All in all, we sat through a total of only two hours in the courtroom, just long enough for the judge to introduce the plaintiff and defense who had faced off in a high tech contract dispute, some bourgeois cat fight involving several million dollars. That was Thursday.
As instructed, we returned Monday to continue jury selection because the judge always has other things to do on Fridays. I wasn't picked, damnit. Mr. SW, head of software engineering where I work, asked me if I played the Nazi or the Communist. After the fire and the bomb scare, all I had to do was mention the name of the software house where I worked and, apparently, that was enough to get me off the hook.
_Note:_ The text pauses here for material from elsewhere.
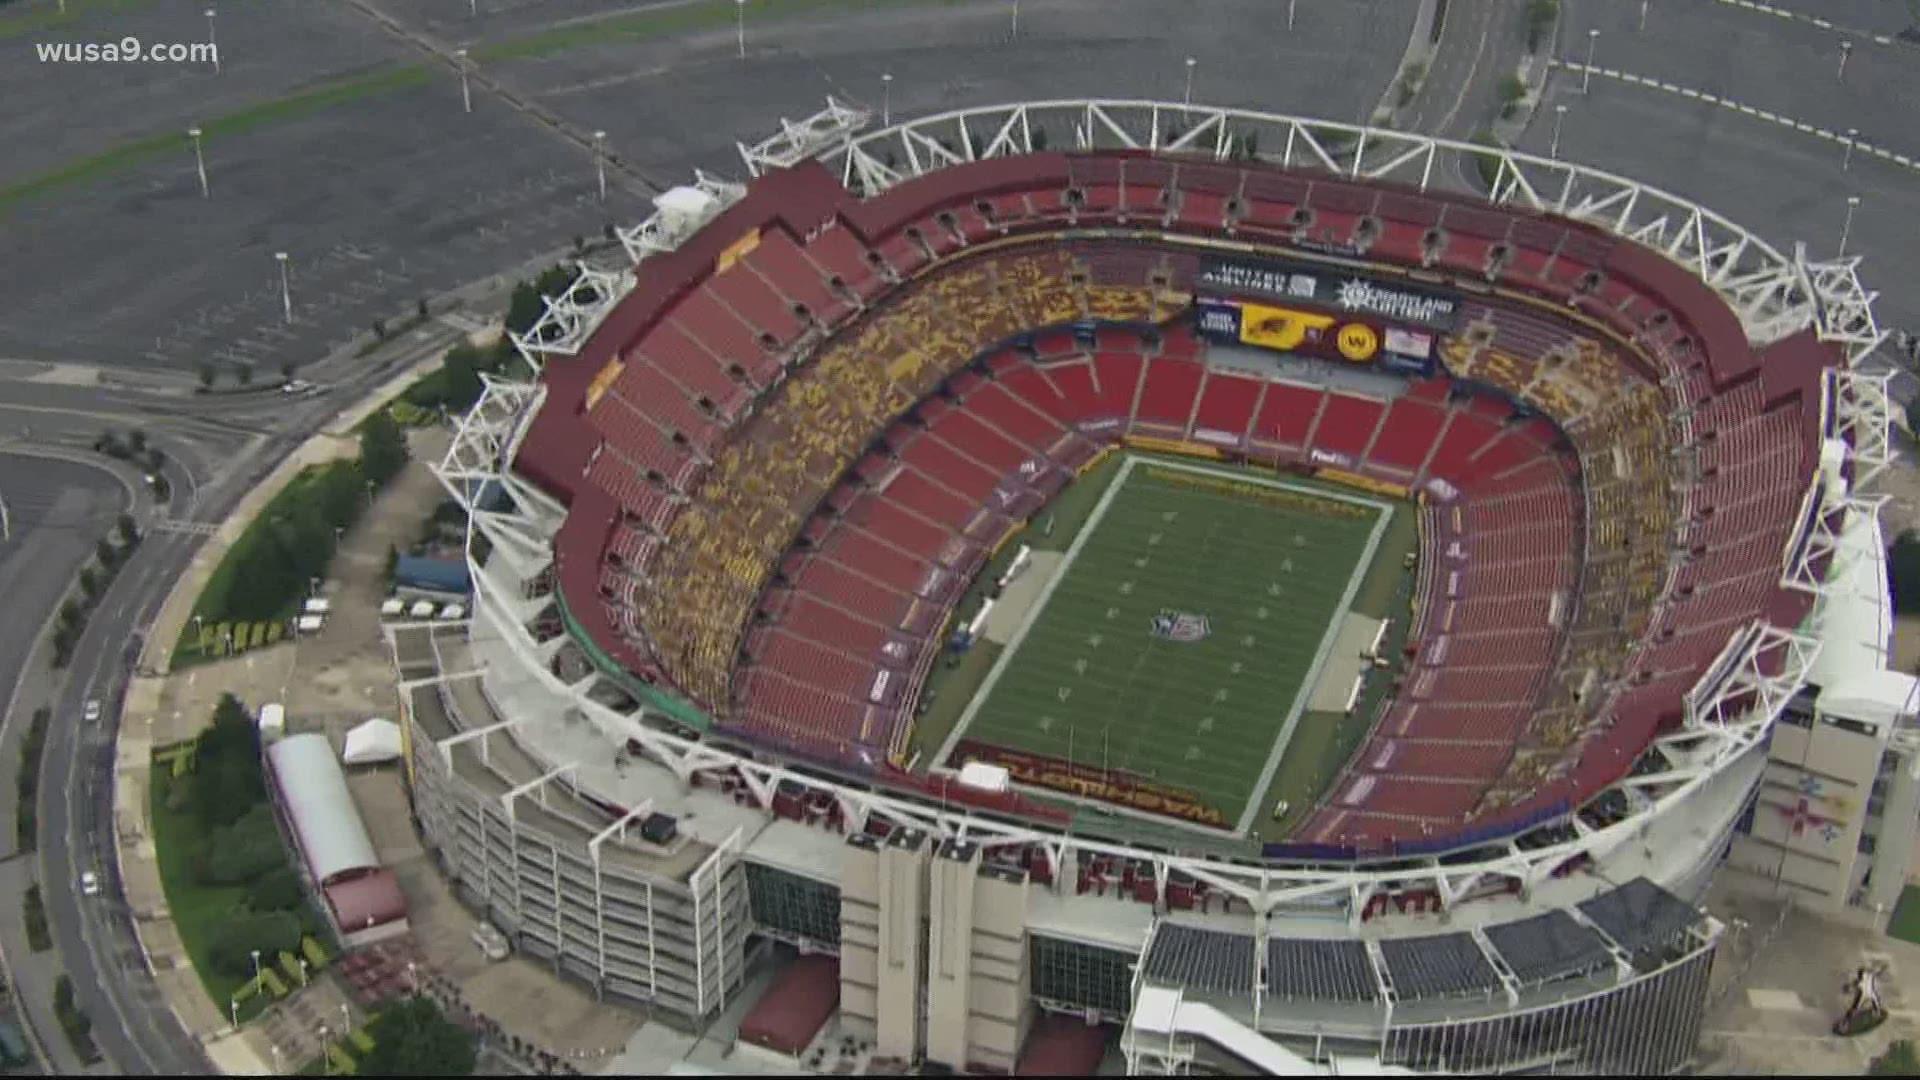 Washington Football Team No Fans At Fedex Field Wusa9 Com
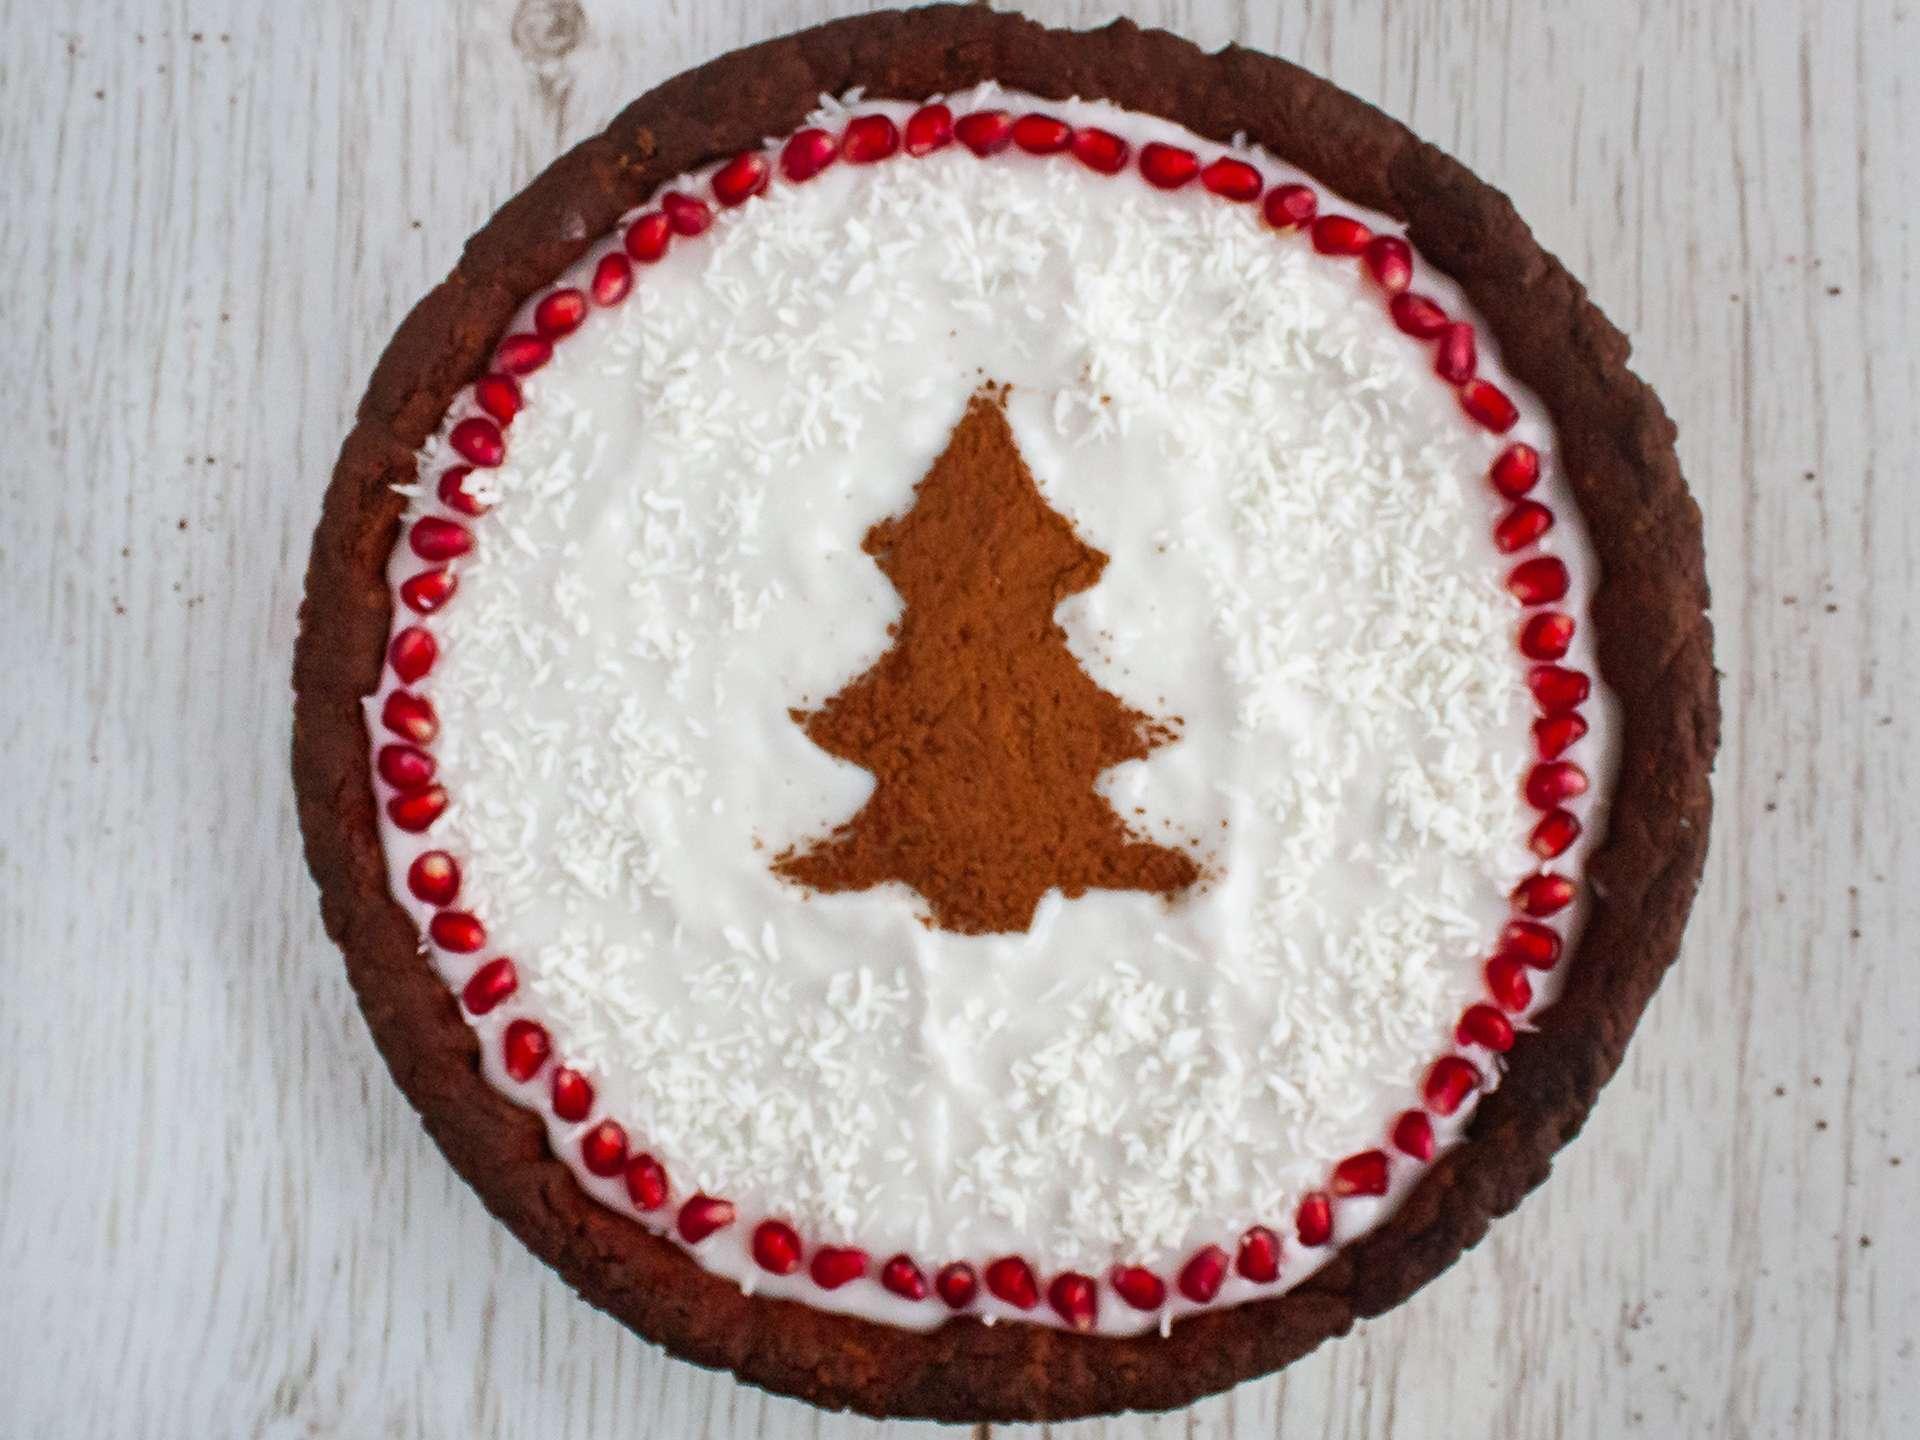 Step 5.2 of Chocolate Pomegranate Cake with Coconut Cream

Others ploys to get out of jury duty were used more deliberately. Some people actually did explain to lawyers that they were a little wild-eyed, politically speaking. It worked. They were excused from serving. One sullen college student said he didn't like people much and might suffer anxiety if he was cooped up with them in a crowded room, might get sick and have to run outside. That worked. Another woman with a college degree in computer science said she was Chinese and then stared blankly at lawyers when they asked her questions. When the judge asked if she understood the questions, she simply said no. That worked. The common thread throughout interrogations was established by the plaintiff's question, "Will be you be fair to a man claiming a settlement of millions if the evidence shows he deserves it?" Some answered no because they didn't think anyone should have that kind of dough. That worked. But most shrugged. They were stuck. They really didn't care one way or the other and they knew nothing in the trial's outcome would change their own destinies.
Toward the end of Monday when very few jurors had actually been interviewed, the man in front of me despaired and turned. "We'll be here all week," he whispered.
"What else did you have to do?" I whispered back. Everyone around me laughed. "Just think of it as flying economy class with no movie. The up side is no jet lag."
Another giggled, "If this was 1950, the fifteen bucks a day would be big money."
"If it was 1850 this could have been settled with one big fist fight and we could make money selling tickets."
But the court did pick a jury plus alternates by the end of the day. The judge swore in the jurors.
"You have completed your service..." the judge started to tell the rest of us as some jumped up and stepped to the exit. "Wait!" ordered the judge, "You'll have to hear my speech." They shrank back into their seats. "You have completed your service for one year. Thank you, ladies and gentlemen. Now you can go."
Everyone fled. But me. I left reluctantly. I was two days behind at work with small excuse and unpaid overtime staring at me. I have no luck.